• TO DO: From the line with "Kadampa Meditation Center San Diego" to the line with "deadpool stabs dark avengers hawkeye", retype each line exactly as it stands in the records below, but skip the pictures.

• DATASET RECORDS:
···

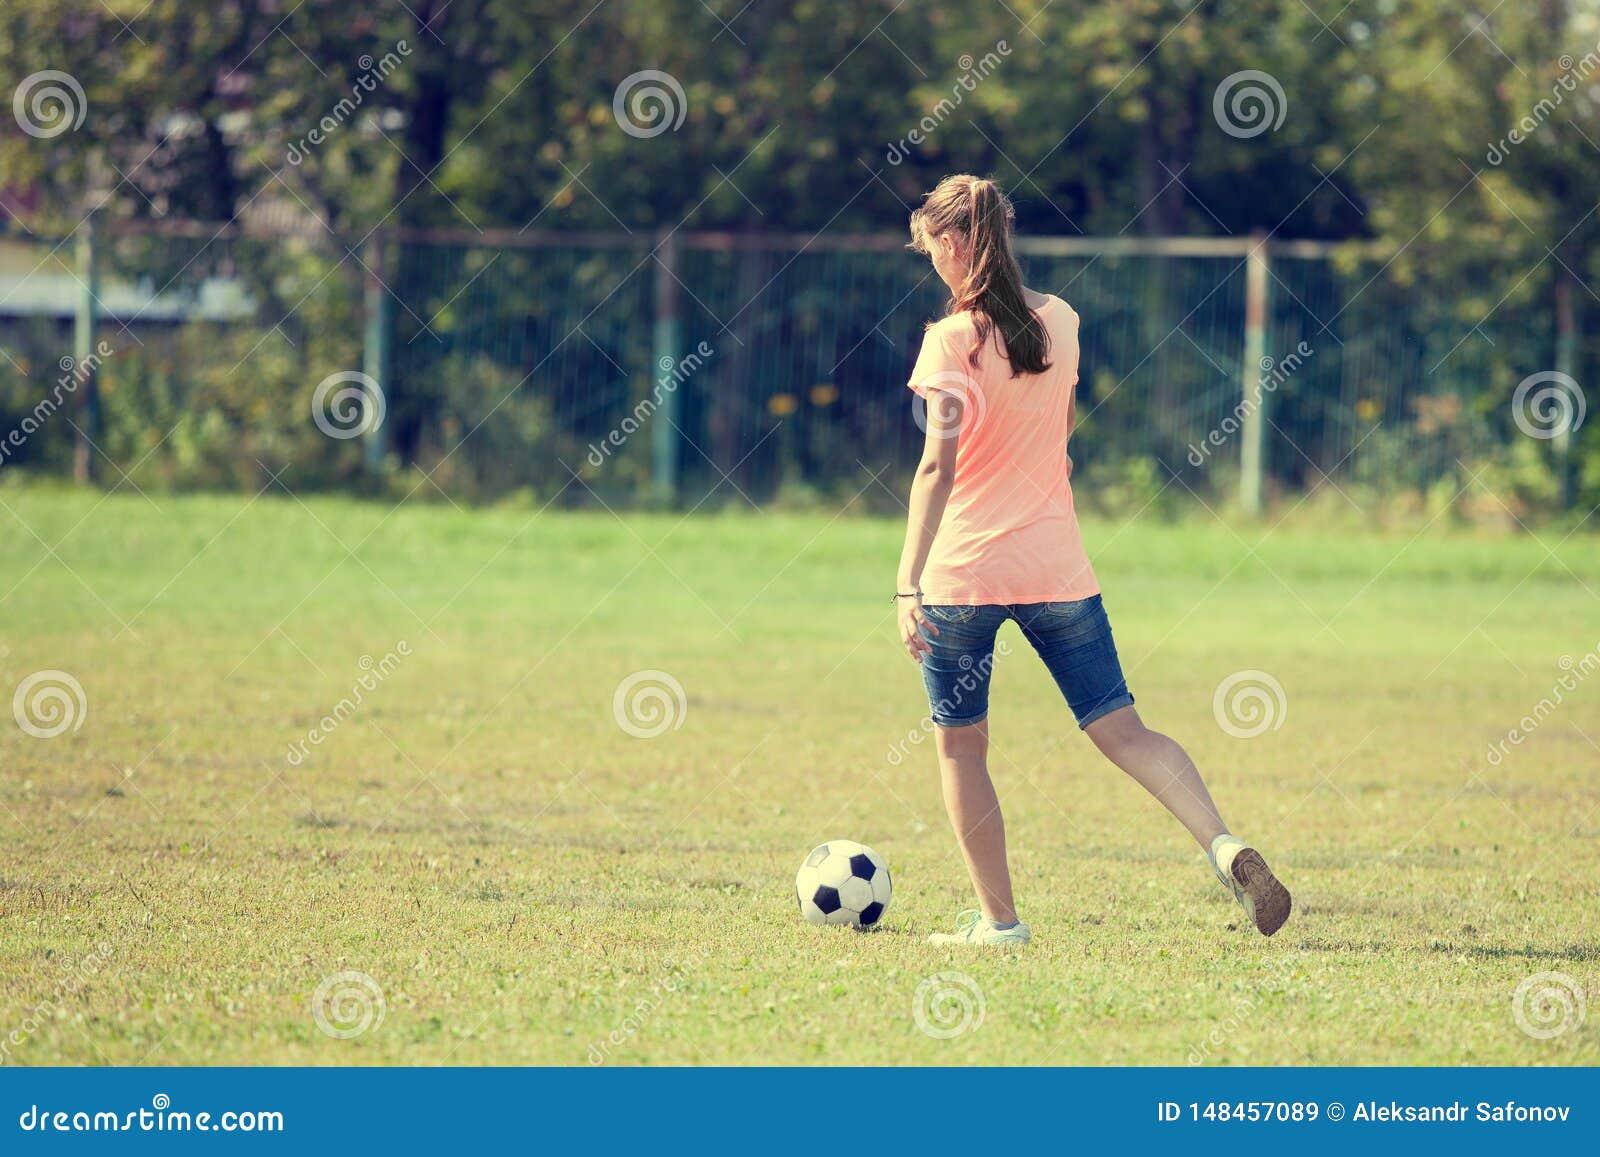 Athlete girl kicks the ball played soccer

···

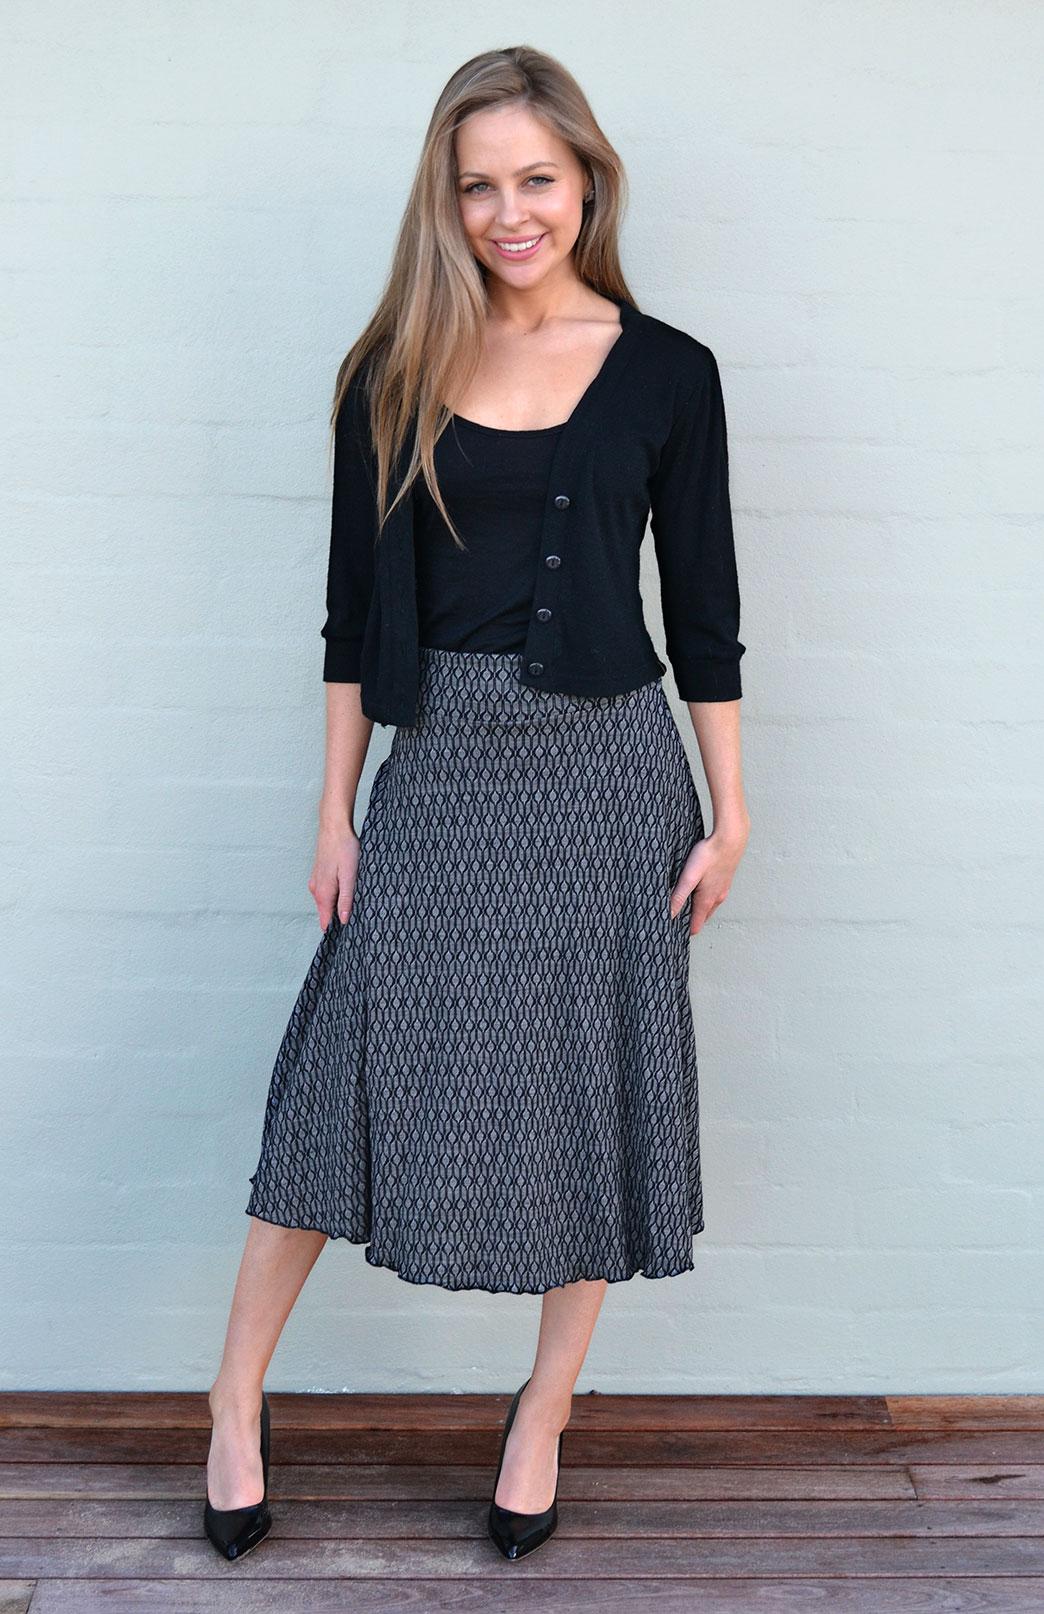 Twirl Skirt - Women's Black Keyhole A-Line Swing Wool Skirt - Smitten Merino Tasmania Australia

···

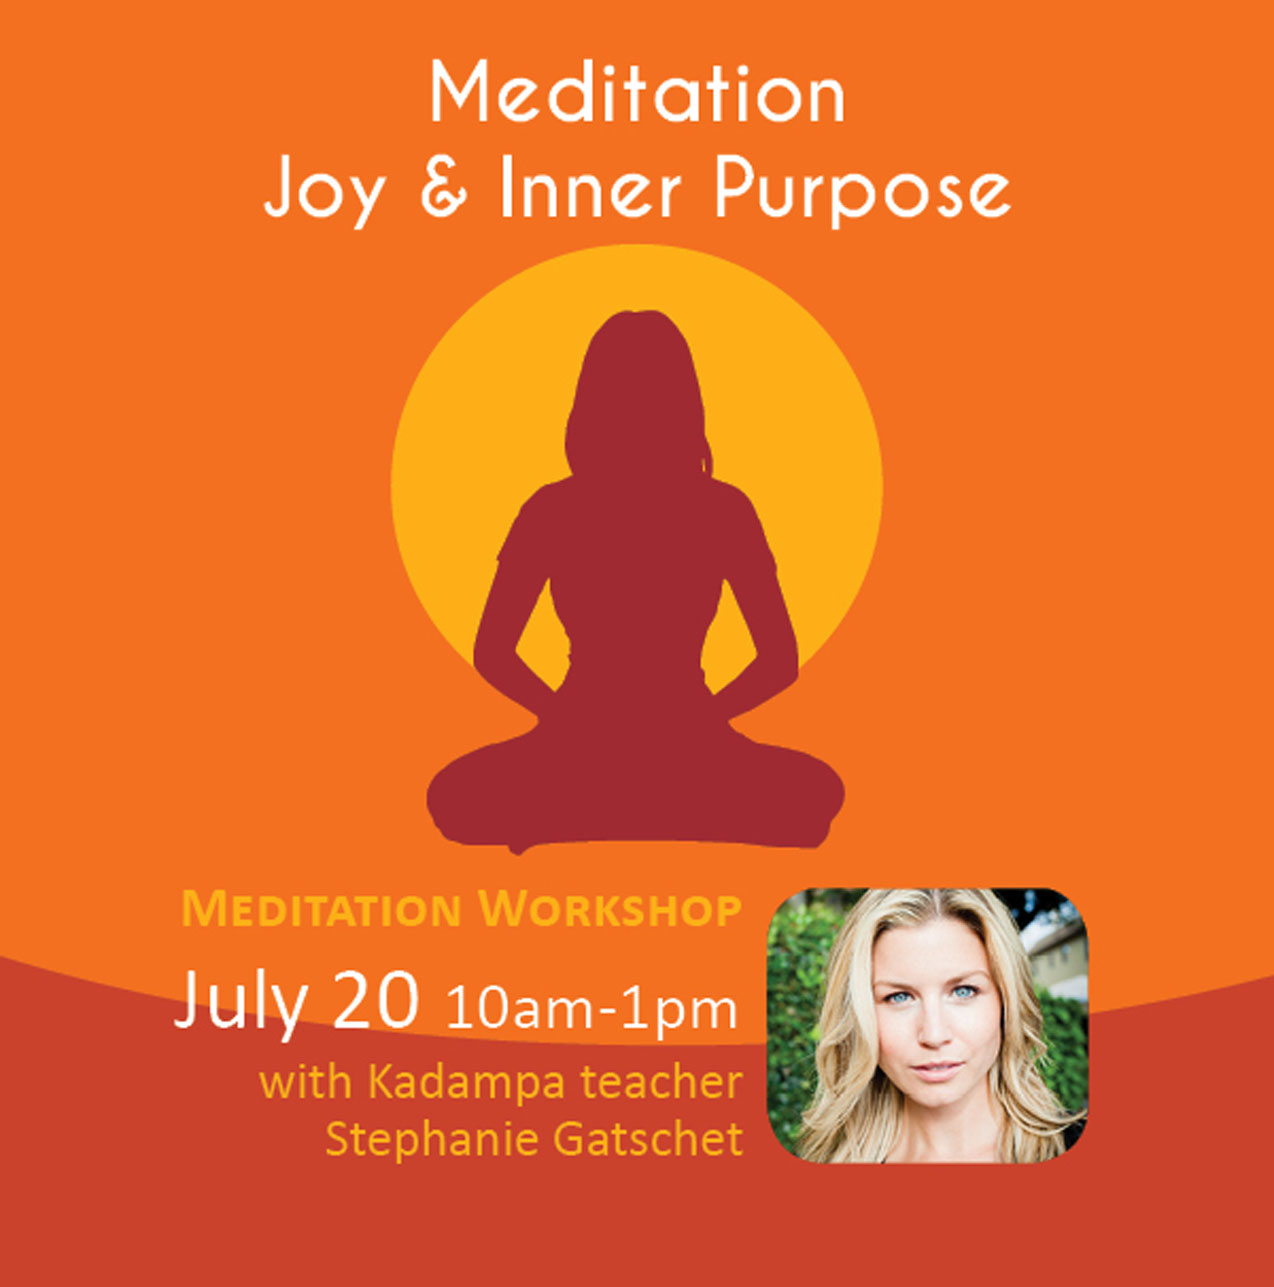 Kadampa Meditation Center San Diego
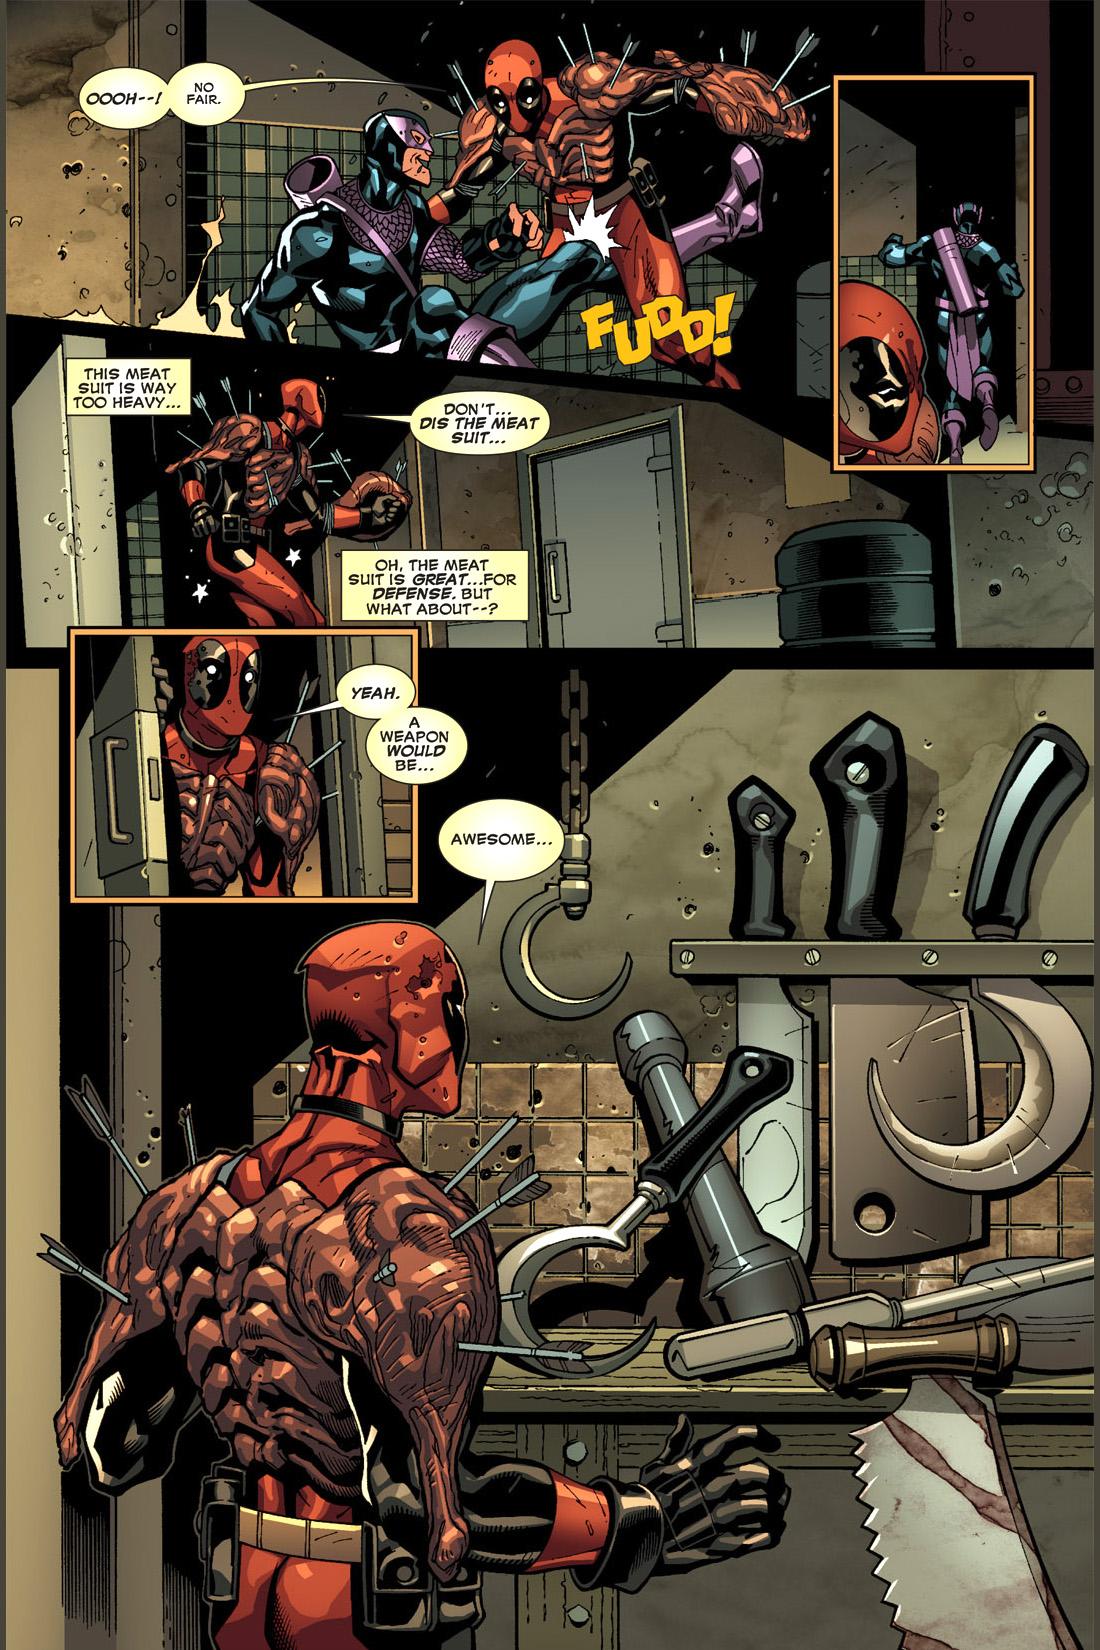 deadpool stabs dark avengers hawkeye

···

• EXERCISE RESULT:
 Kadampa Meditation Center San Diego
 deadpool stabs dark avengers hawkeye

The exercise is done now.